What you should give back is a precise copy of the lines below from the one containing "Brindes com tomate fresco, vista superior" through the one containing "LED-vegglampe Bliz Round", with no pictures.
(Supplied entries Opens)
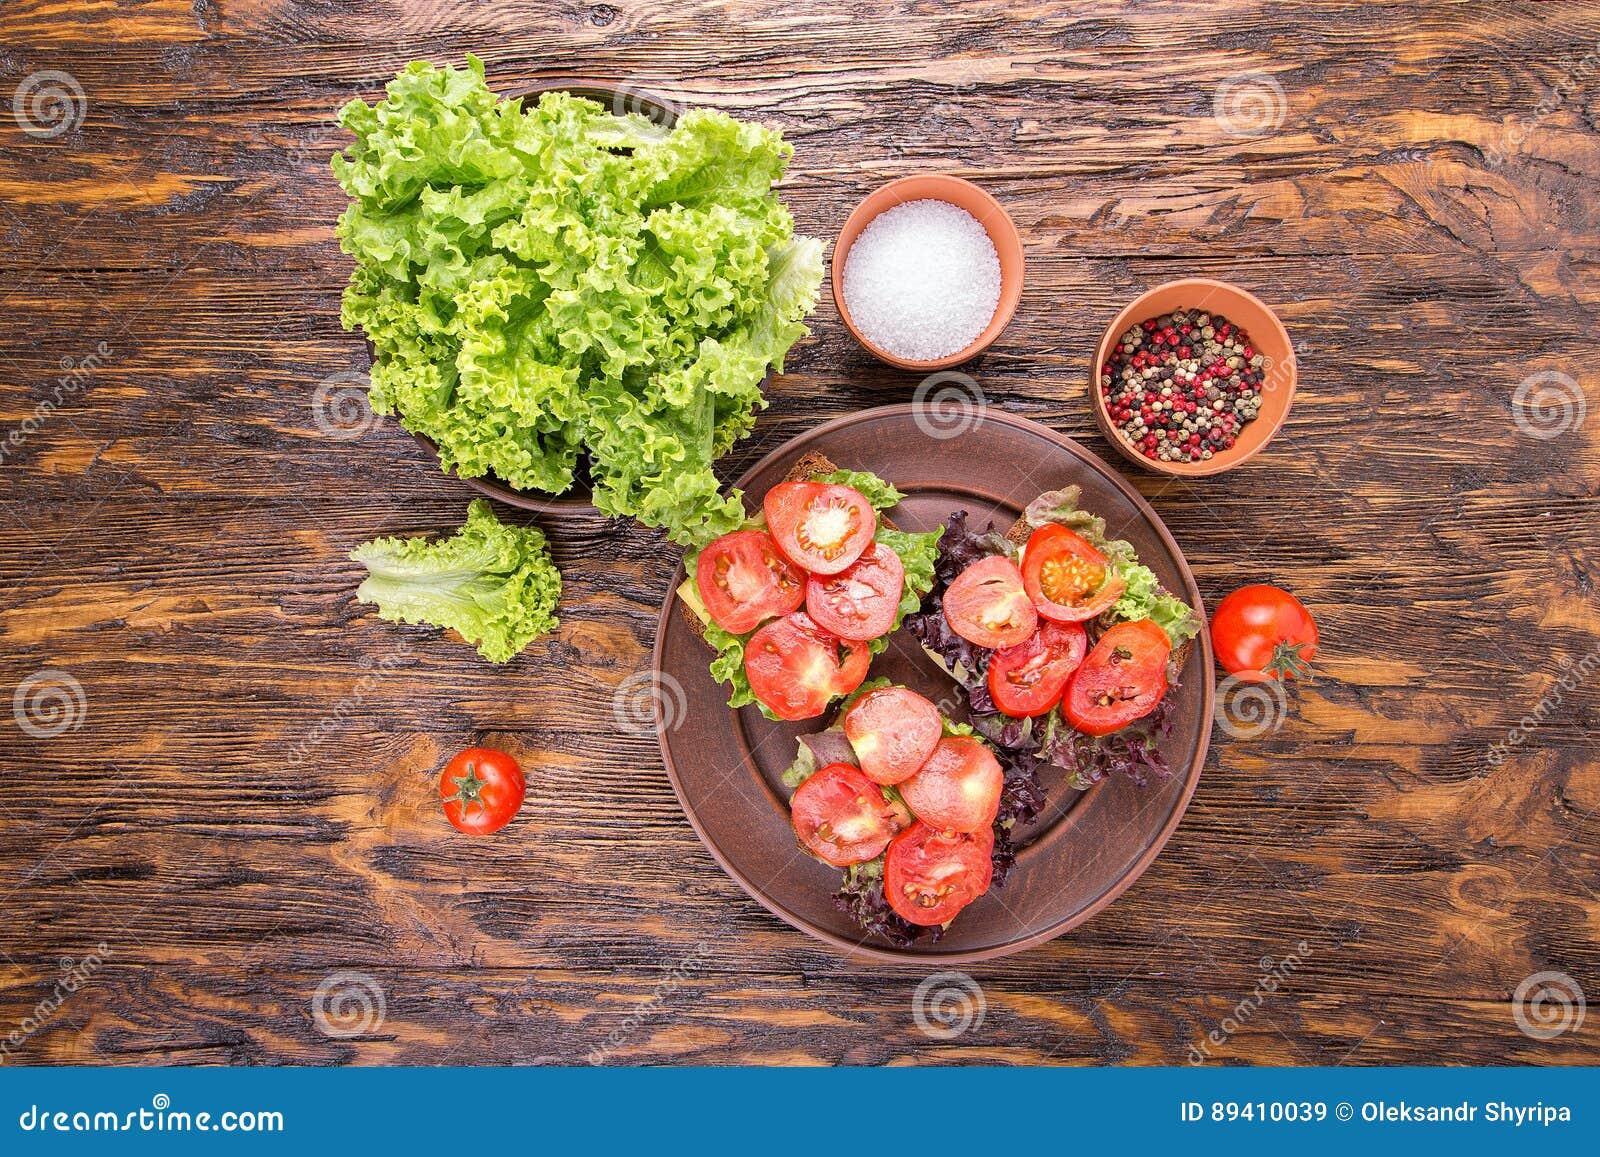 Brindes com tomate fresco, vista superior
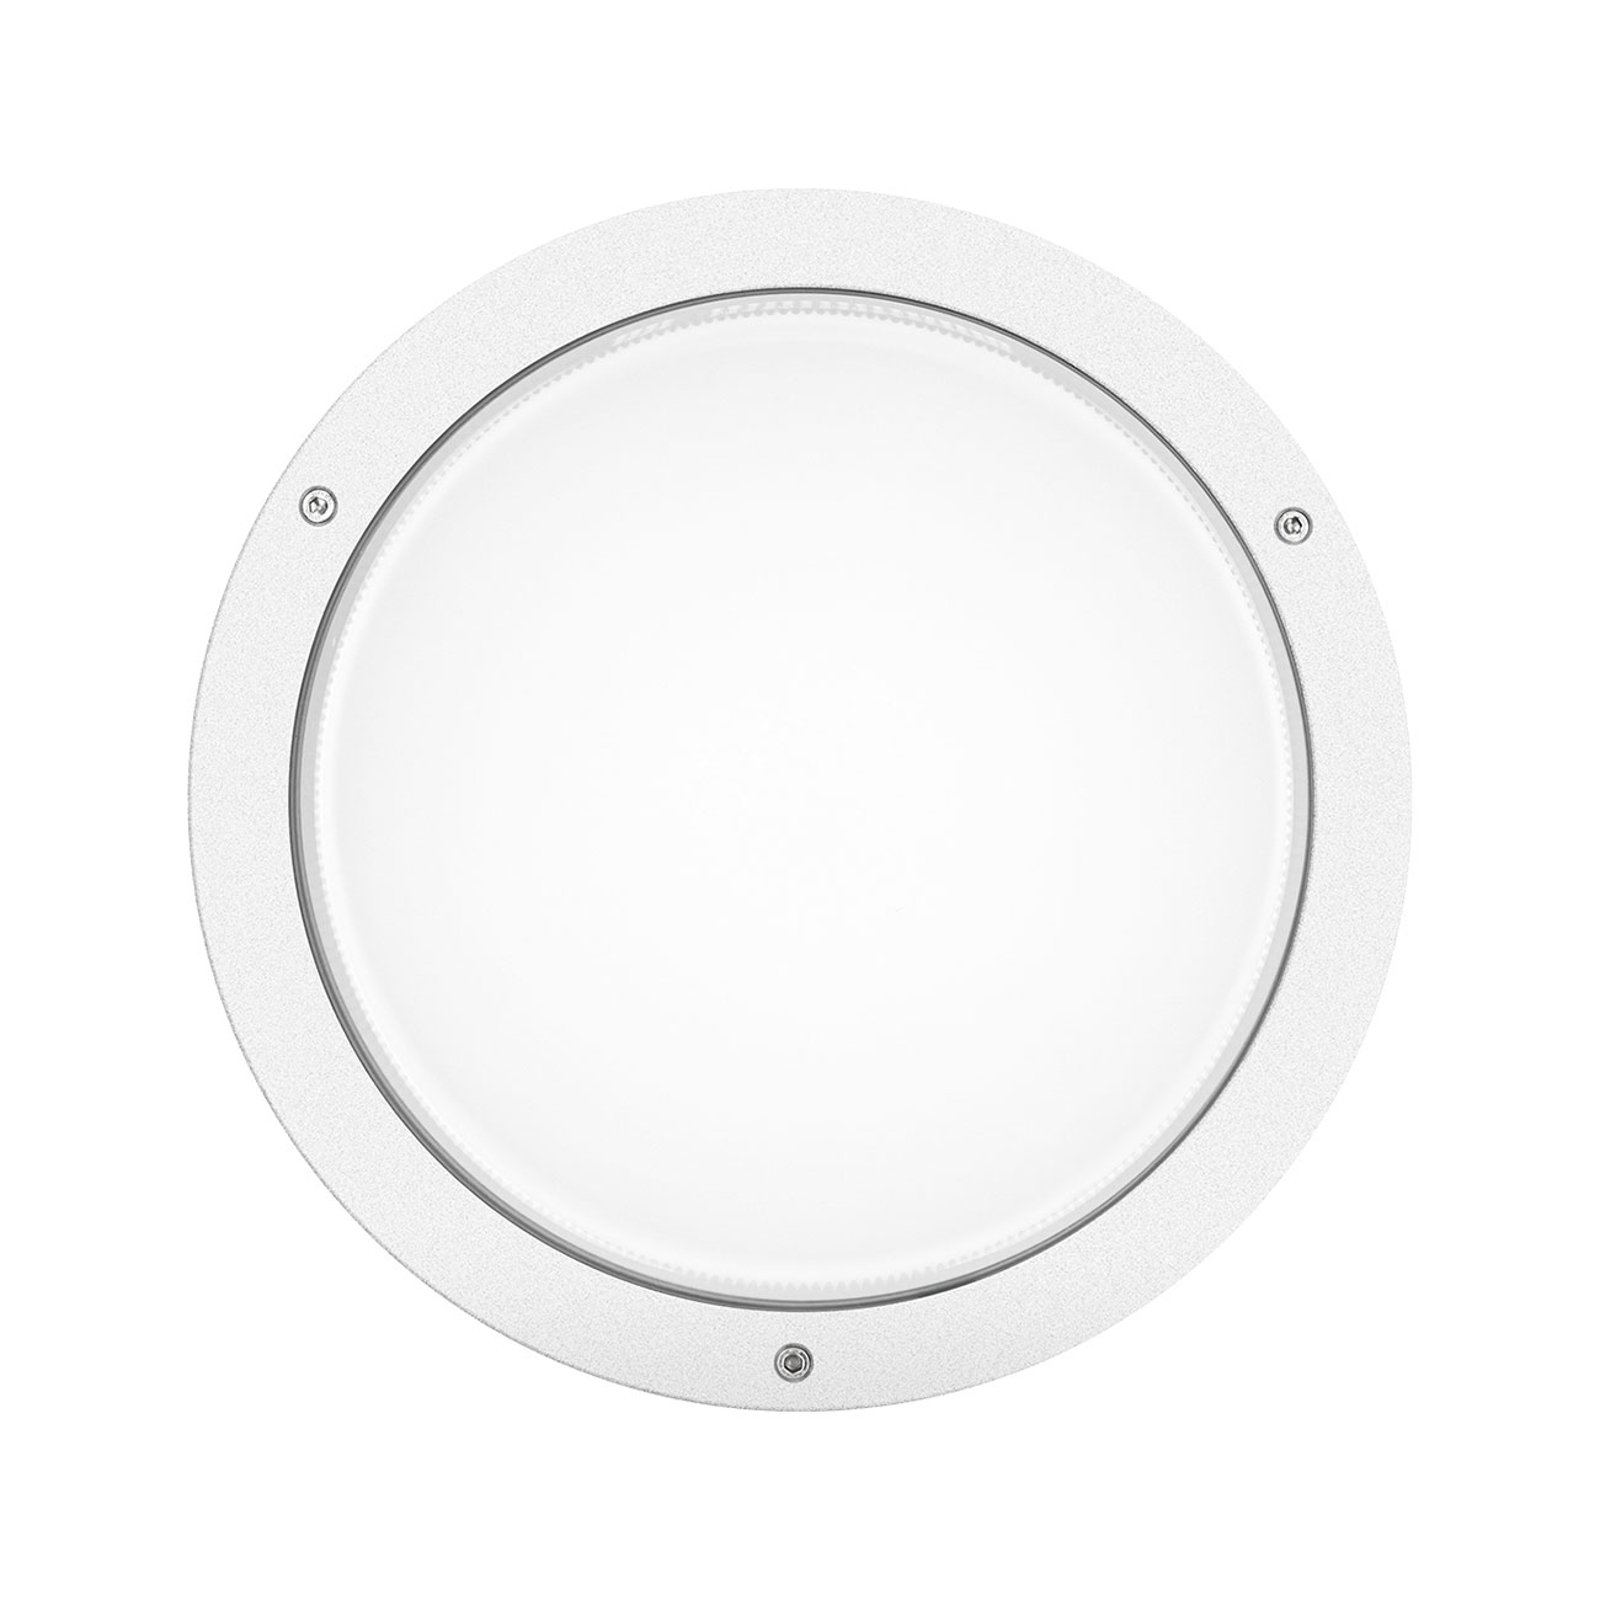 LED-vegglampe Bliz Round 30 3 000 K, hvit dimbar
(Supplied entries Closes)
(Supplied entries Opens)
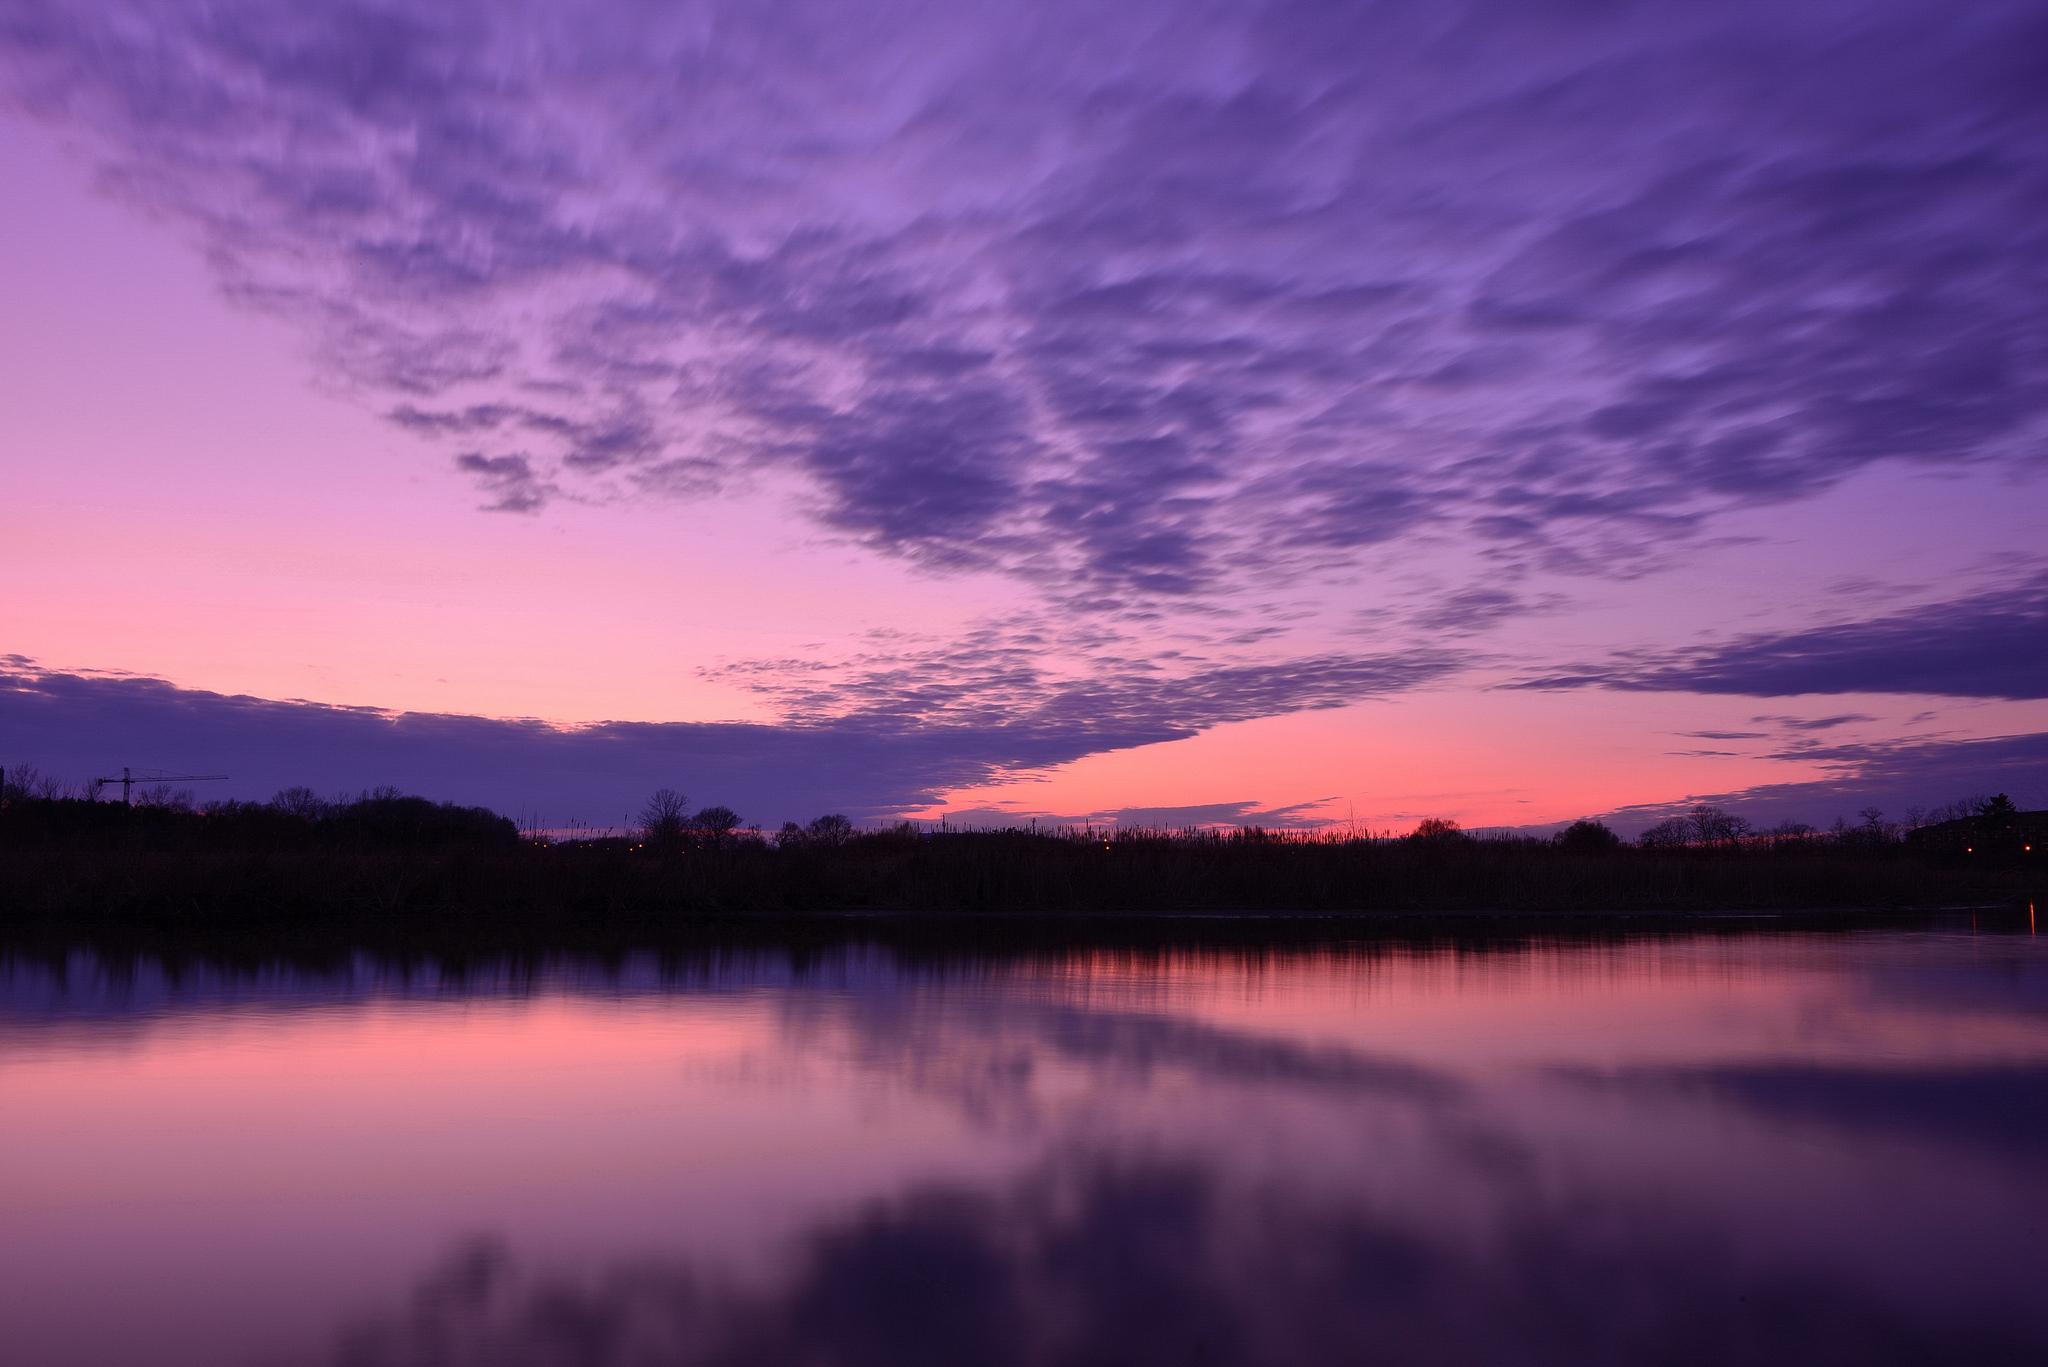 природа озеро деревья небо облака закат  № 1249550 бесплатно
(Supplied entries Closes)
* [Your solution]:
 Brindes com tomate fresco, vista superior
 LED-vegglampe Bliz Round 30 3 000 K, hvit dimbar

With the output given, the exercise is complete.